Working with lime part 1.

This is a very different blog post from previous posts on the subject of working with different types of lime.  By lime I mean the building material.  This series of blogs will detail my experiences good and bad of working with it.  Lime has a reputation of being an eco-friendly building material and this is semi-true, certainly compared to concrete.  But it also has a number of features that make it not just attractive as a building material but vital in certain instances.  The most important of these are that it breathes.  When used in dwellings this makes a huge difference to levels of damp – and this is one reason why I have used it for two specialist insulation projects.

But first a little chemical background (see figure below).  If you heat limestone to about 900 degrees C the carbon dioxide is driven out in a chemical reaction leaving calcium oxide (known as quicklime).  The lime is then “slaked”.  That is water is added.  This violent reaction liberates a lot of heat forming calcium hydroxide.  This is what we call lime and is the basis of lime products. In the presence of carbon dioxide the calcium hydroxide slowly changes back to limestone forming a hard mortar or other lime variant.   To slightly complicate things there is a from of lime called hydraulic lime which will set under water, this contains clay impurities and requires water to set.  The other forms I have worked with and will describe will gradually set in the air.

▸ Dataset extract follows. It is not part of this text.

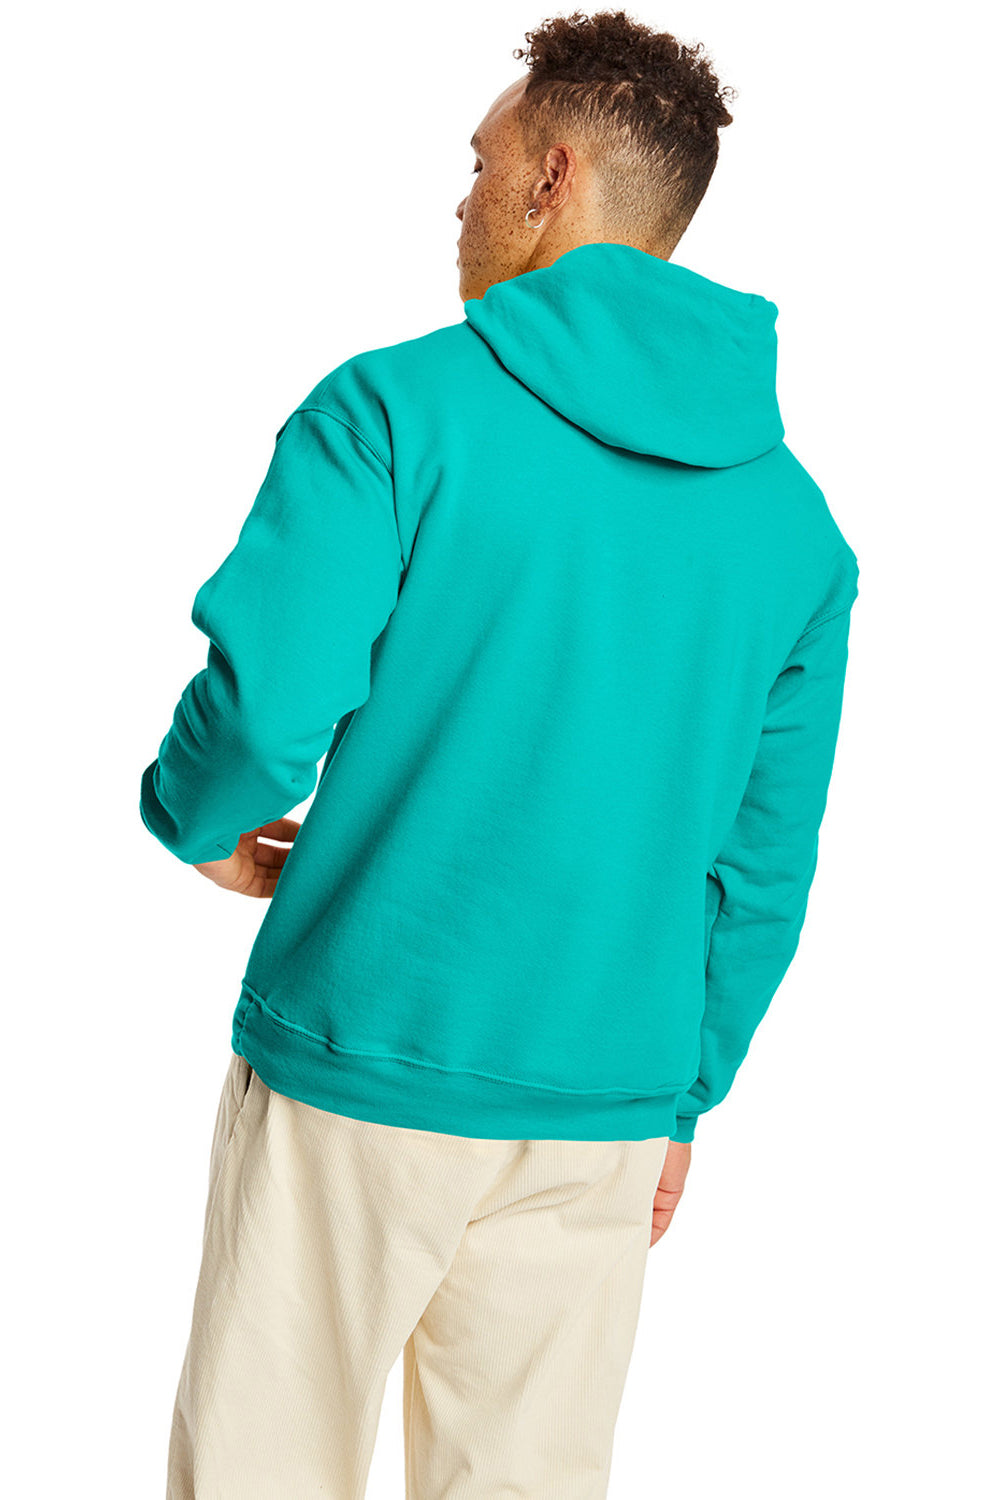 Hanes P170 Mens EcoSmart Print Pro XP Hooded Sweatshirt Hoodie Athletic Teal Green Back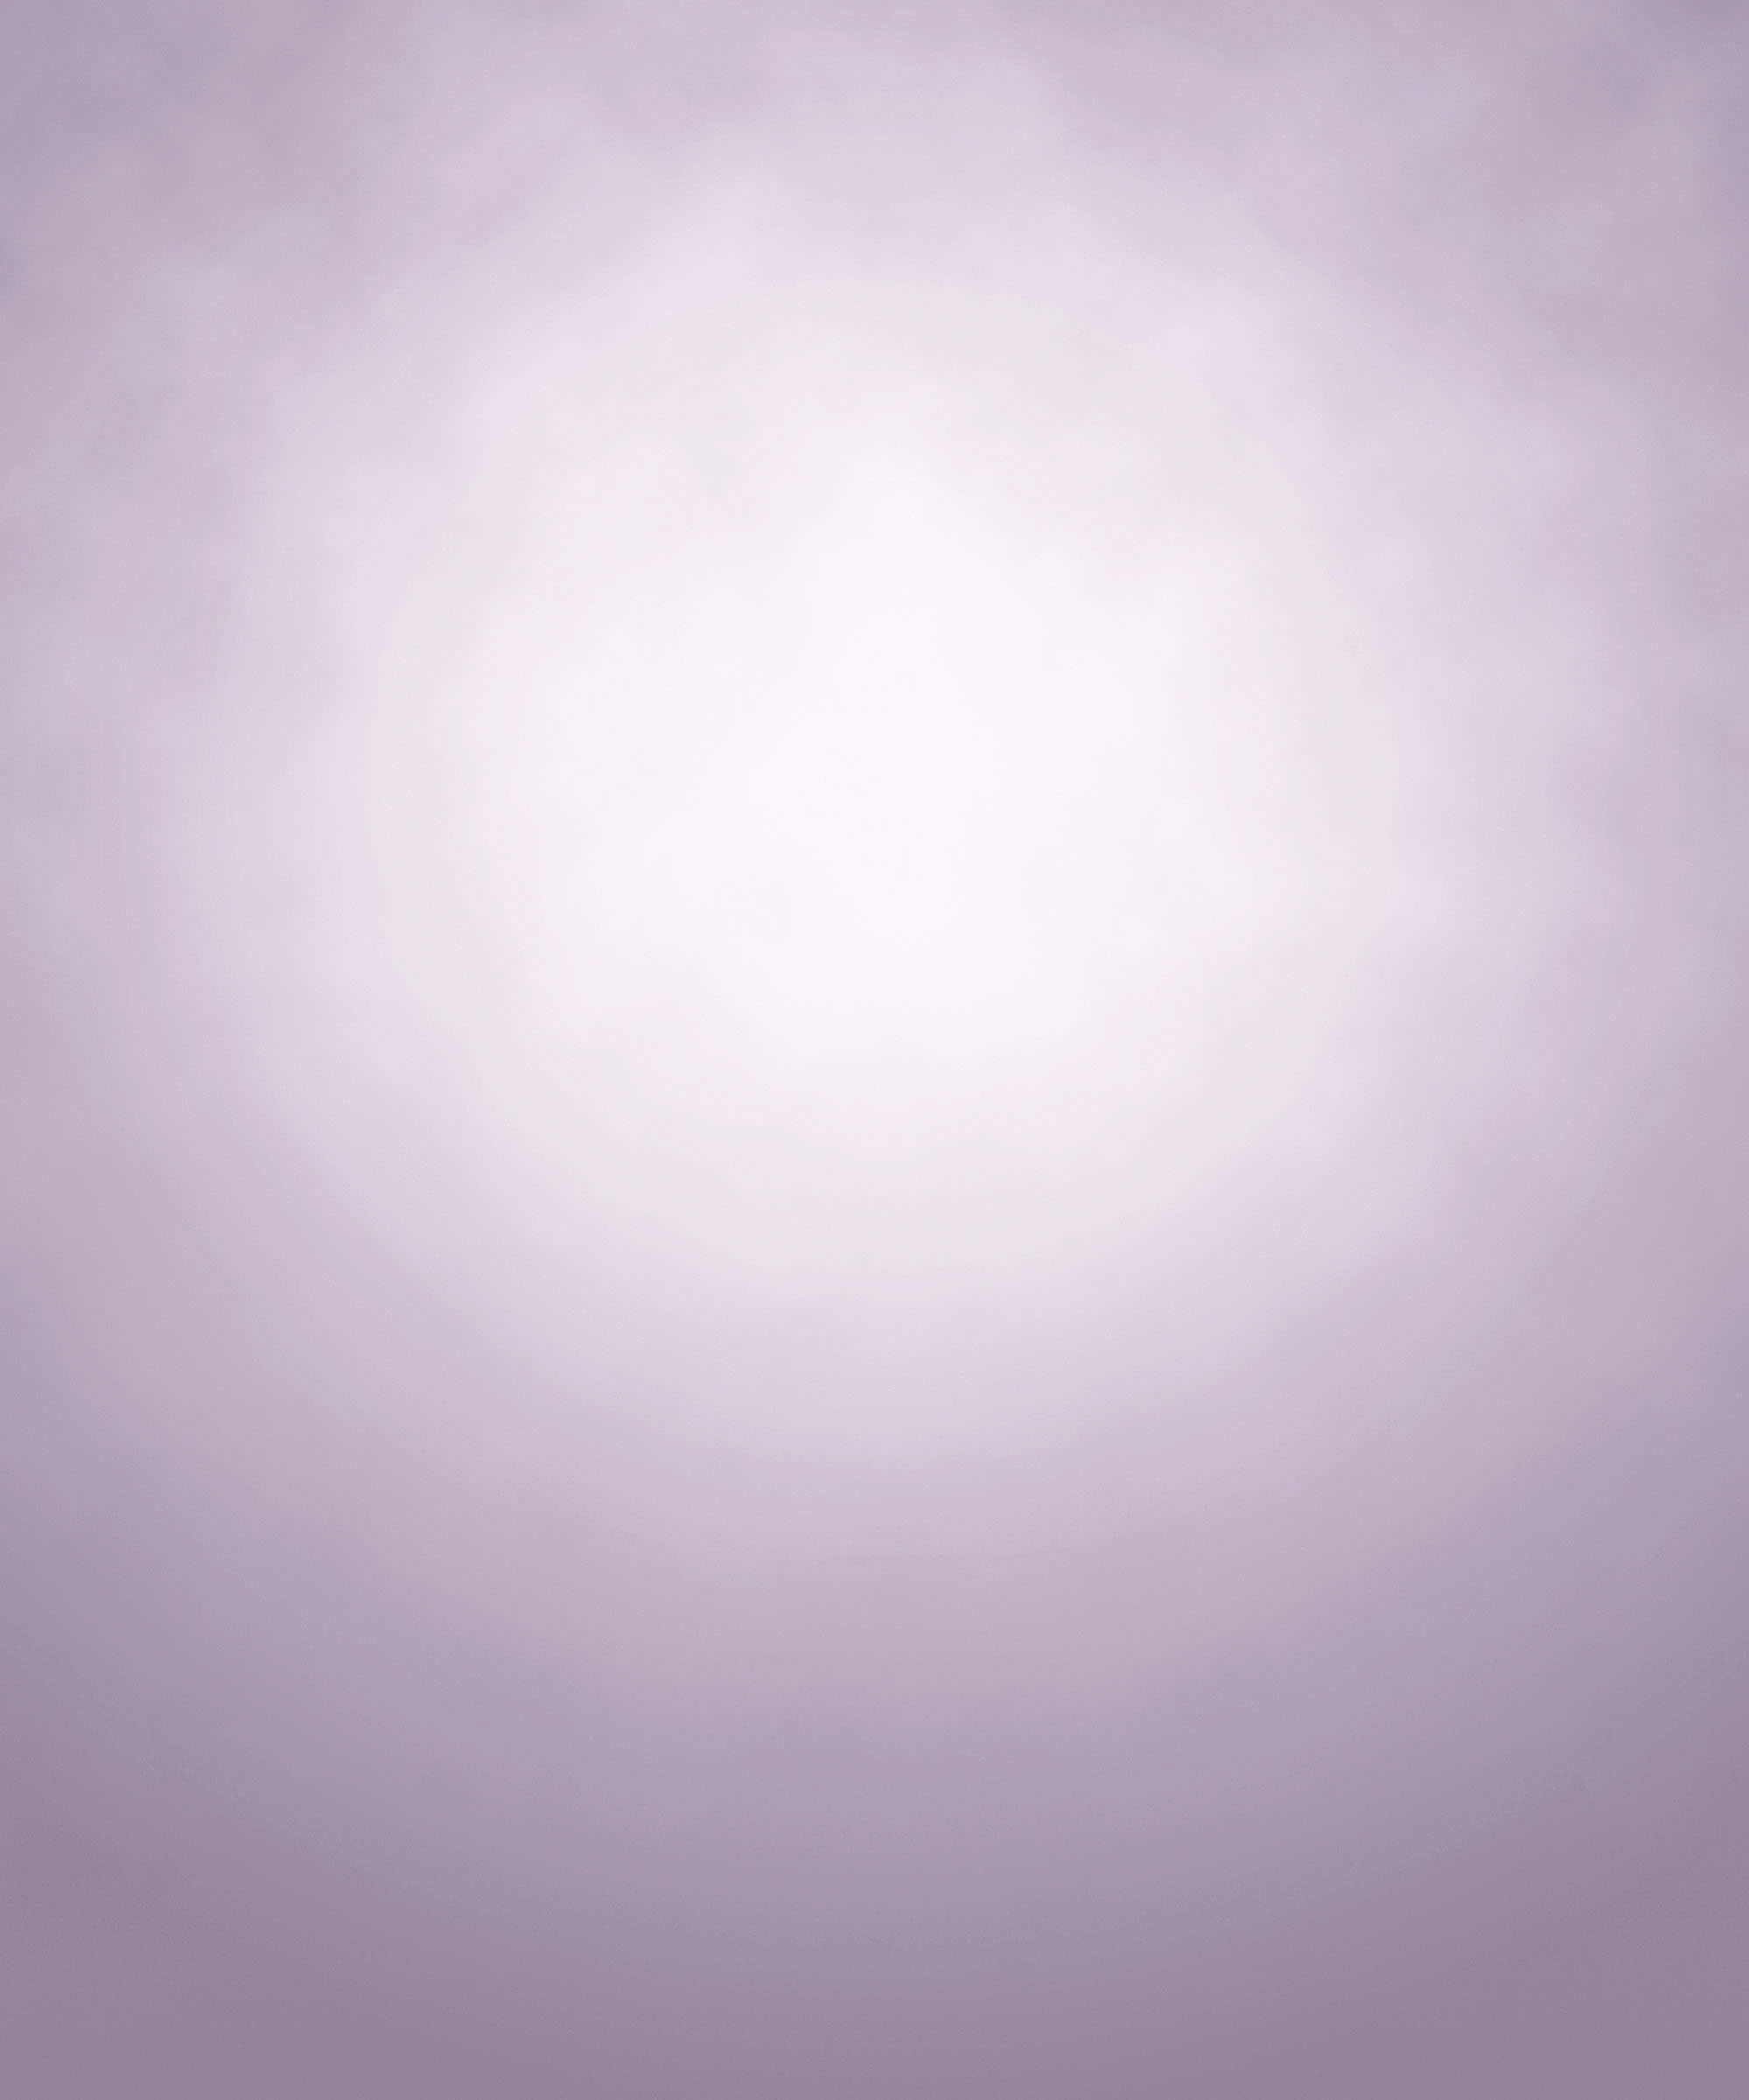 無料のハイクオリティー遺影背景素材 薄紫のぼんやりした光 遺影素材屋 Com

Of course you do not use lime alone but mix it with other things such as sand or dyes.

lime chemistryI have worked with a number of different types of lime product.  Lime mortar to re-point a stone wall, “course stuff” a sort of lime plaster used internally as a surface to put other things on, hydraulic lime and limewash which is a breathable alternative to paint.  I will describe these and how I have used them in more detail in future posts.